通信総合博物館ていぱーく

 

日本に赤く丸型の郵便ポストが登場したのは1901年になりますが、それから7年後の1908年には”雨よけ対策”の決定版ともいえる「回転式丸型郵便ポスト」が登場します。
しかし、丸型郵便ポストは、ふたの部分の強度が不足していることで、故障が多く発生していたことから、庇(ひさし)のついた「丸型庇付郵便ポスト」が登場することになります。

 

丸型郵便ポストの登場から、わずか12年の間に数多くの改良が加えられていて、明治時代の時代の変化の速さを感じることができるものだと思います。

この庇の付いた郵便ポストは、蓋を取り付けるのをやめ、その代わり差し入れ口の所に庇を付けたものになります。

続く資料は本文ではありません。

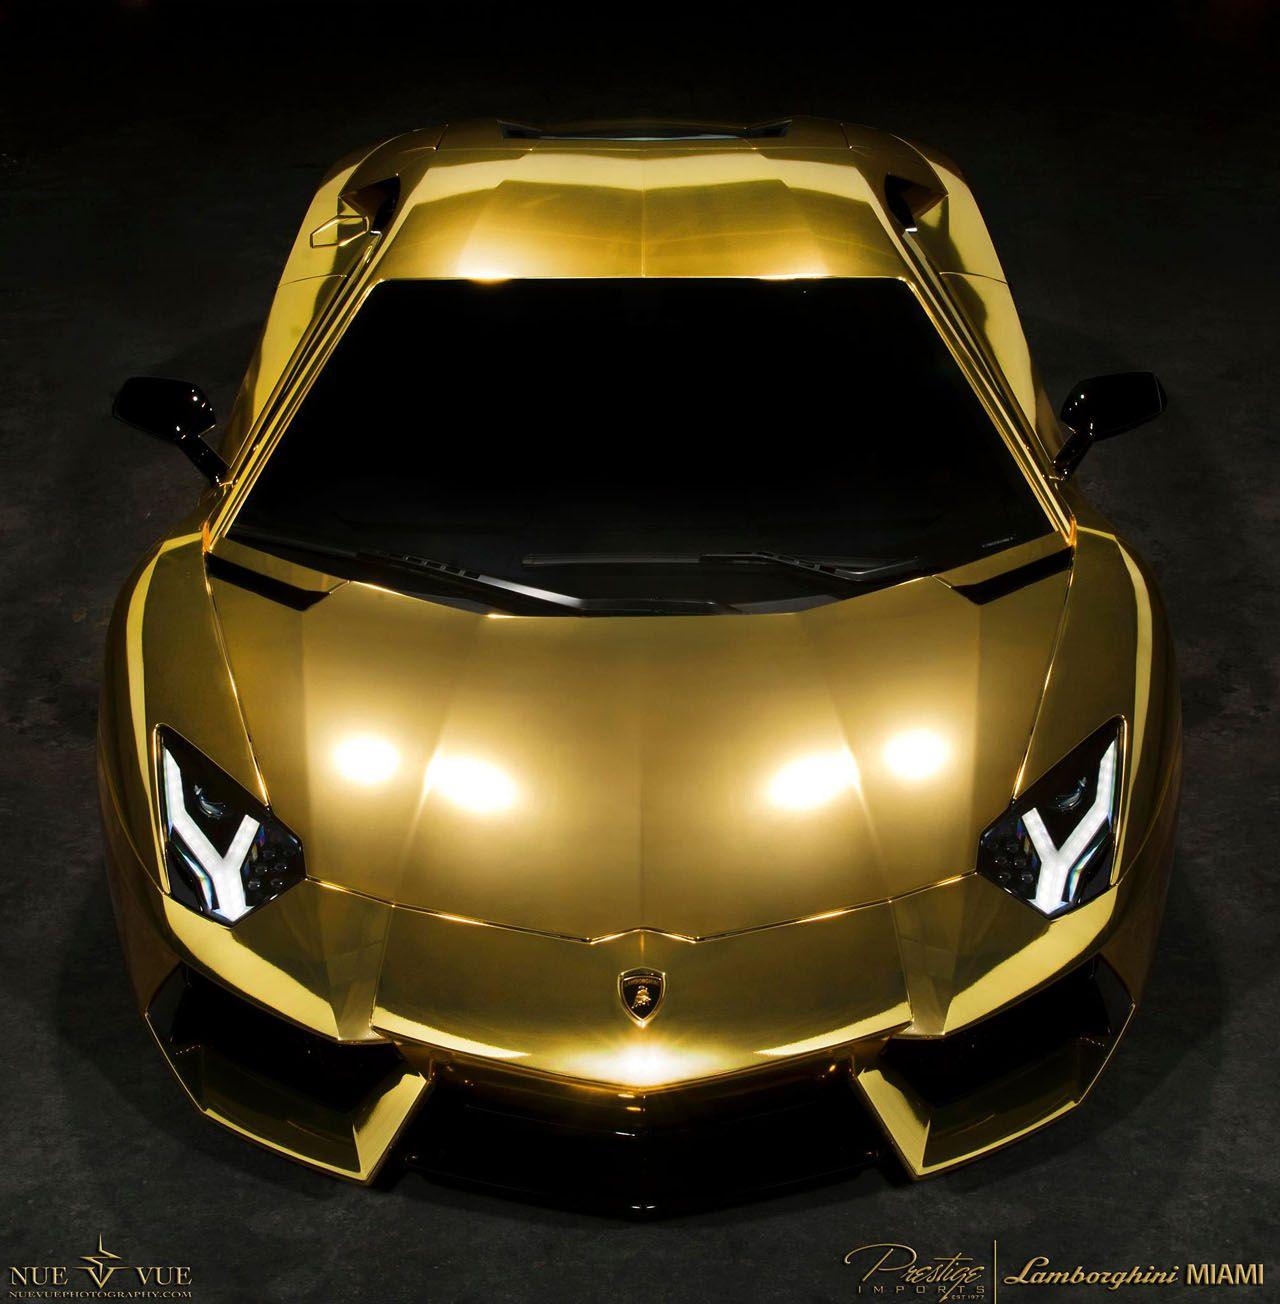 Ferrari vàng hình nền: Nếu bạn đam mê siêu xe Ferrari và muốn trang trí cho thiết bị của mình một hình nền đẹp mắt, hãy xem hình ảnh về Ferrari vàng. Với âm hưởng của sự sang trọng và tốc độ, xe Ferrari vàng là một điểm nhấn đáng chú ý cho màn hình của bạn.

差し入れ口から蓋がなくなり庇が付くようになることで、「投函のしやすさ」と「メンテナンスからの解放」というメリットが生じることになりました。

 

蓋が取り付けられた回転式郵便ポストは、強風時の雨のときも郵便物が濡れないというメリットはありますが、利用者が投函するたびにつまみを回して入れる手間が不人気の理由になっていました。

庇に変更されることで、投函しやすくなるだけでなく、郵便ポストの修理やメンテナンスなどもしなくて済むようになり、丸型庇付郵便ポストは、以後しばらく間、利用されることになります。